Desde que desapareció Paulina hablé cuatro veces con el gobernador, y siempre me mintió. Ya no me interesa. Hablamos con el presidente de la Nación, con miembros de la Corte Suprema, pero no podemos dialogar con los personajes del gobierno provincial. Sucede igual que con las Abuelas de Plaza de Mayo, “dejalos a esos loquitos que vienen los martes”, deben decir. ¿Qué esperan? ¿Cuántas muertes más resiste esta situación?

-Usted fue parte de su gestión, ¿hace una autocrítica de ello?
-Estoy muy arrepentido de haberme incorporado a un equipo de gobierno tan maldito que está llevando a Tucumán a la perdición. A mi me convocaron por mi aptitud técnica en las áreas de trabajo social y empleo. Primero, para crear la Dirección de Empleo y luego, para reactivar la Subsecretaría de la Juventud. Trabajaba dieciséis horas por día aunque nunca viví del sueldo público, sino de mi actividad privada.

-¿Le ofrecieron ser candidato?
-Sí, muchas veces. Pero di mi palabra y no voy a participar en política hasta que no se esclarezca lo de Paulina. No estoy preparado espiritualmente. Mi familia quedó muy golpeada y no puedo someterla a más estrés.
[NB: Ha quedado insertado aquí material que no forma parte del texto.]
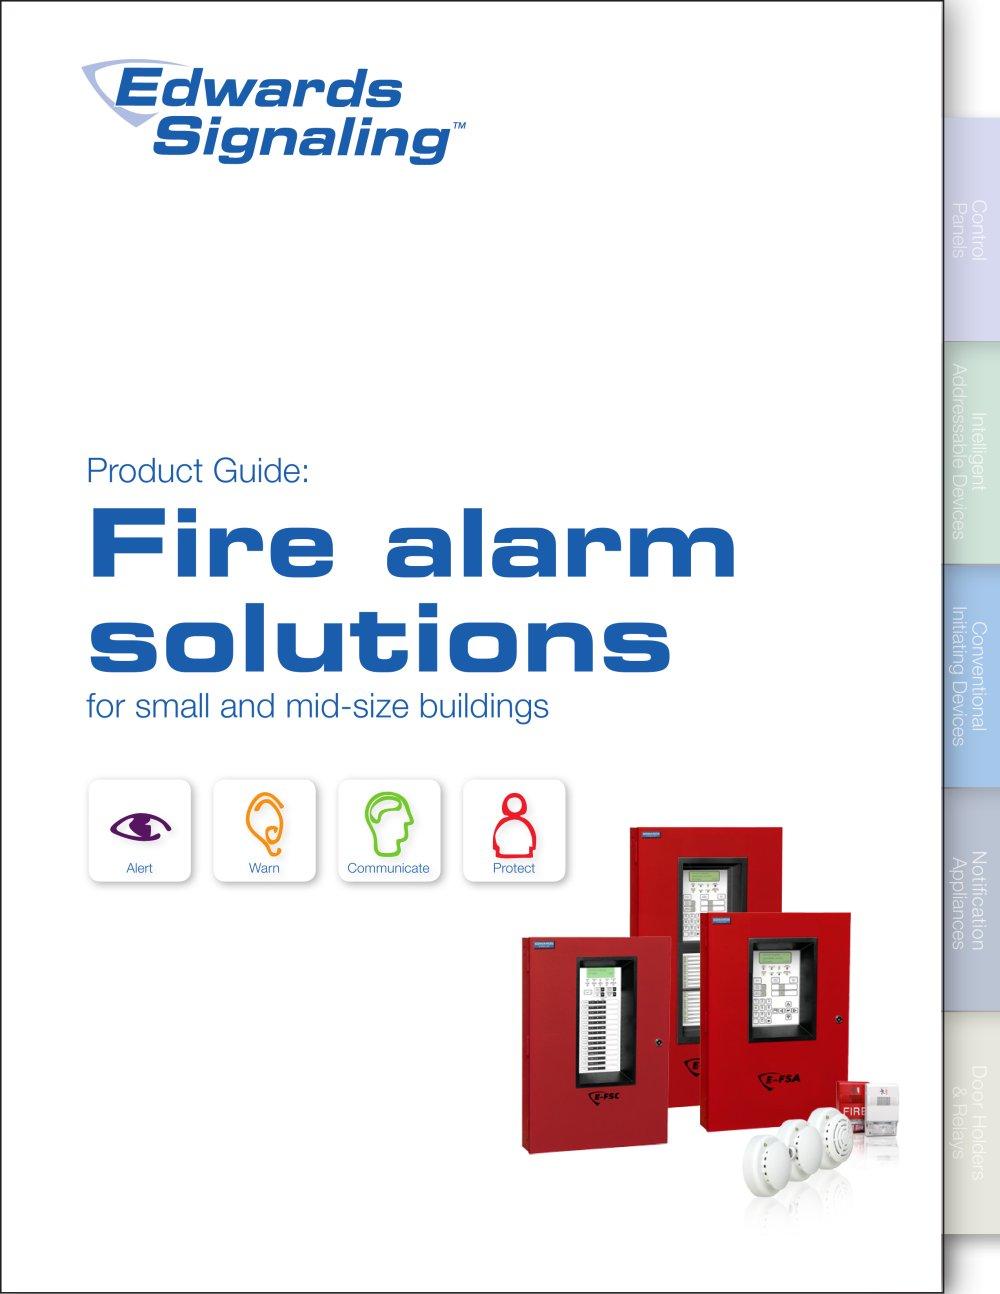 fire alarm product guide 252073_1b?resize\\\=840%2C1087 siemens fdbz492 hr wiring diagram gandul 45 77 79 119 fdcio422 wiring diagram at bayanpartner.co
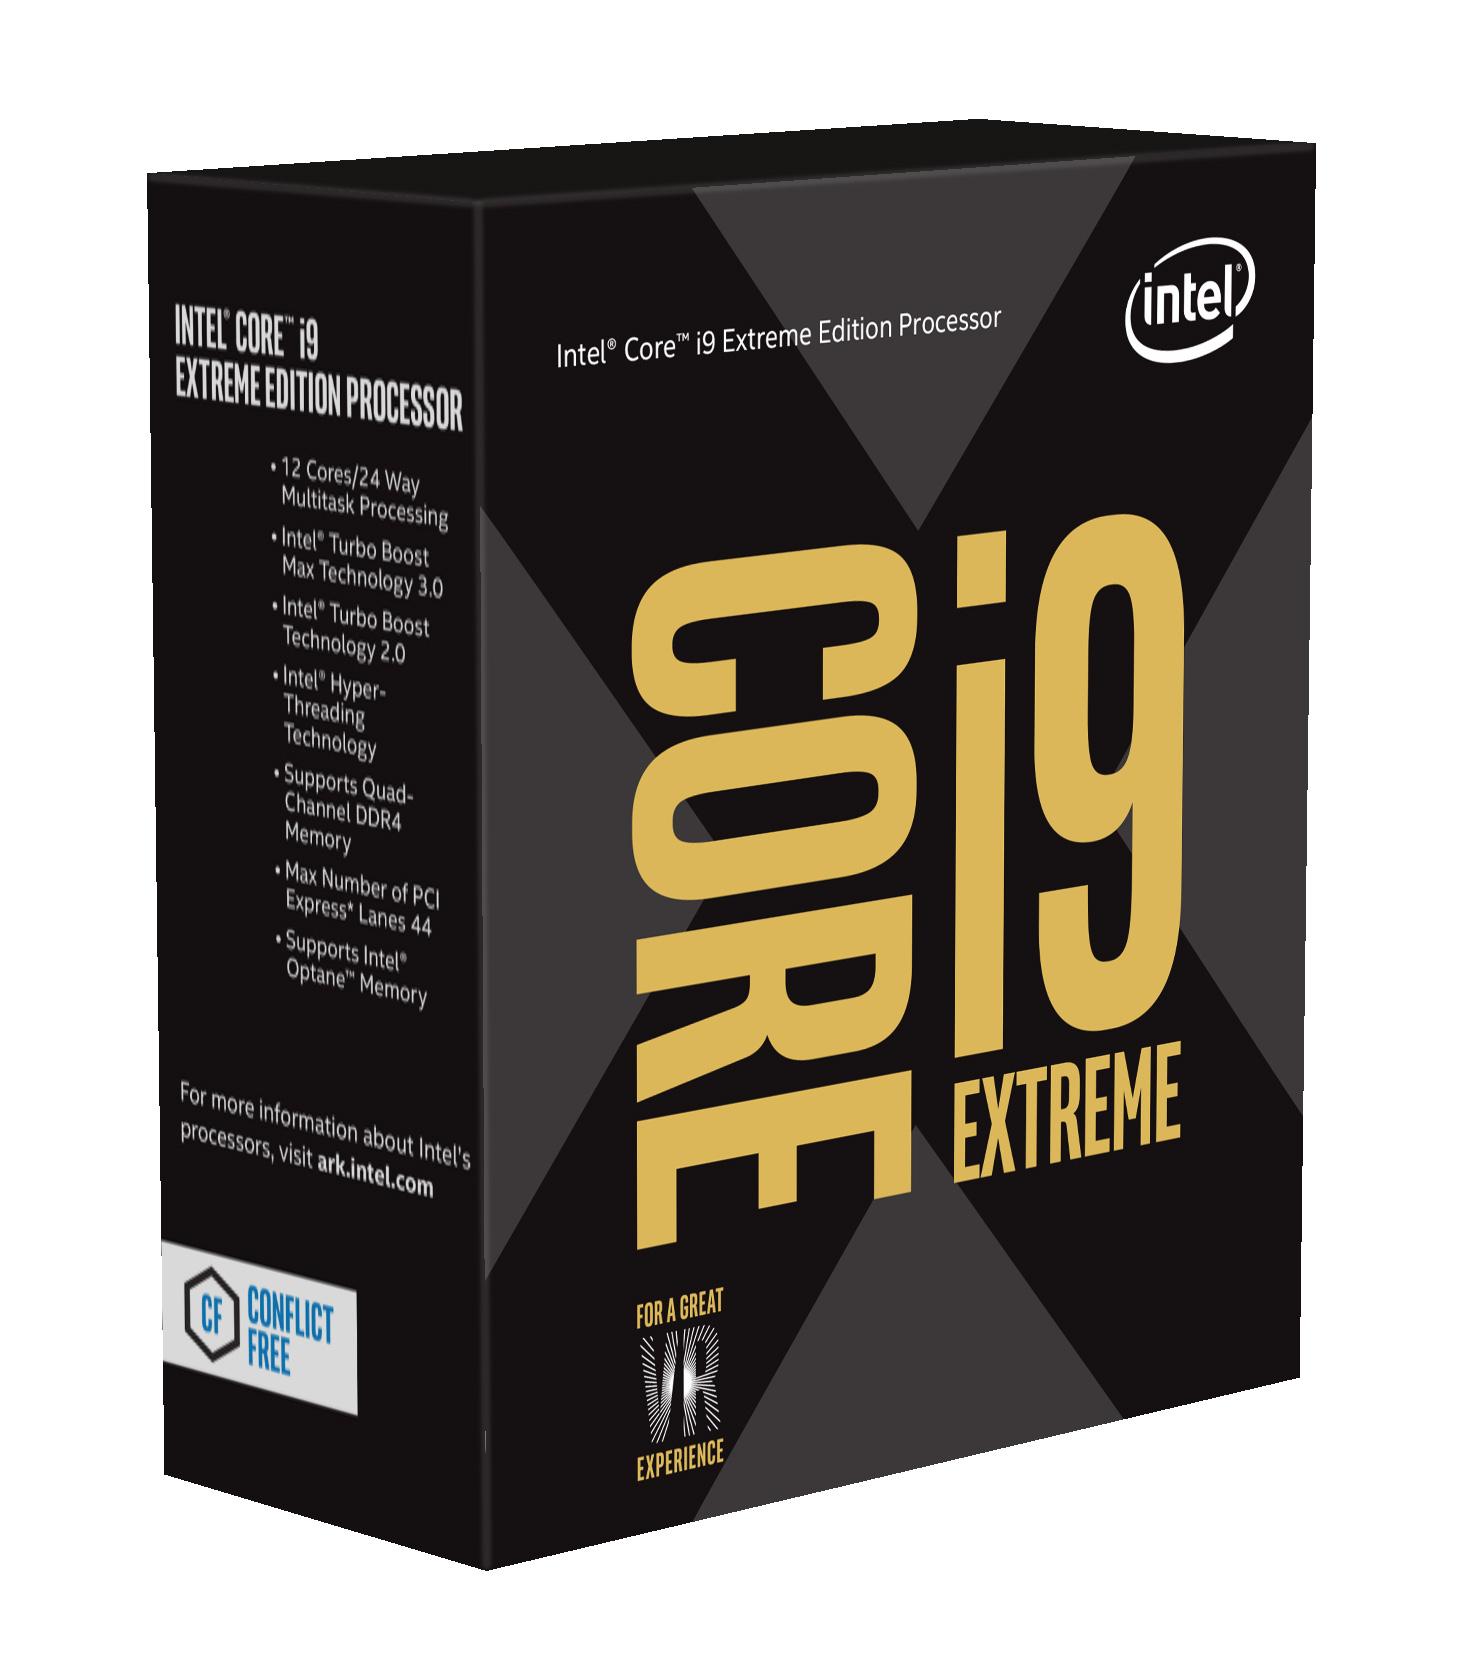 Intel Core i9 7900X Skylake-X 10-Core 3.3 GHz LGA 2066 13.75MB Cache Desktop Processor BX80673I97900X by Intel

Además, no quiero rodearme del entorno político porque las campañas son tremendamente sucias.

-¿Cómo ve el futuro de la provincia?
-Creo que hay esperanza de cambio. La gente tiene que ser más protagonista. Hay que aplicar la sanción social que los griegos ejercían en los principios de la democracia. Los funcionarios deben rendirnos cuentas. Algo de eso está sucediendo a pequeña escala, en las comunas, por ejemplo, y eso es bueno.

DOLOR. La presencia de Alberto Lebbos es imprescindible para recordar a los tucumanos que perecieron injustamente.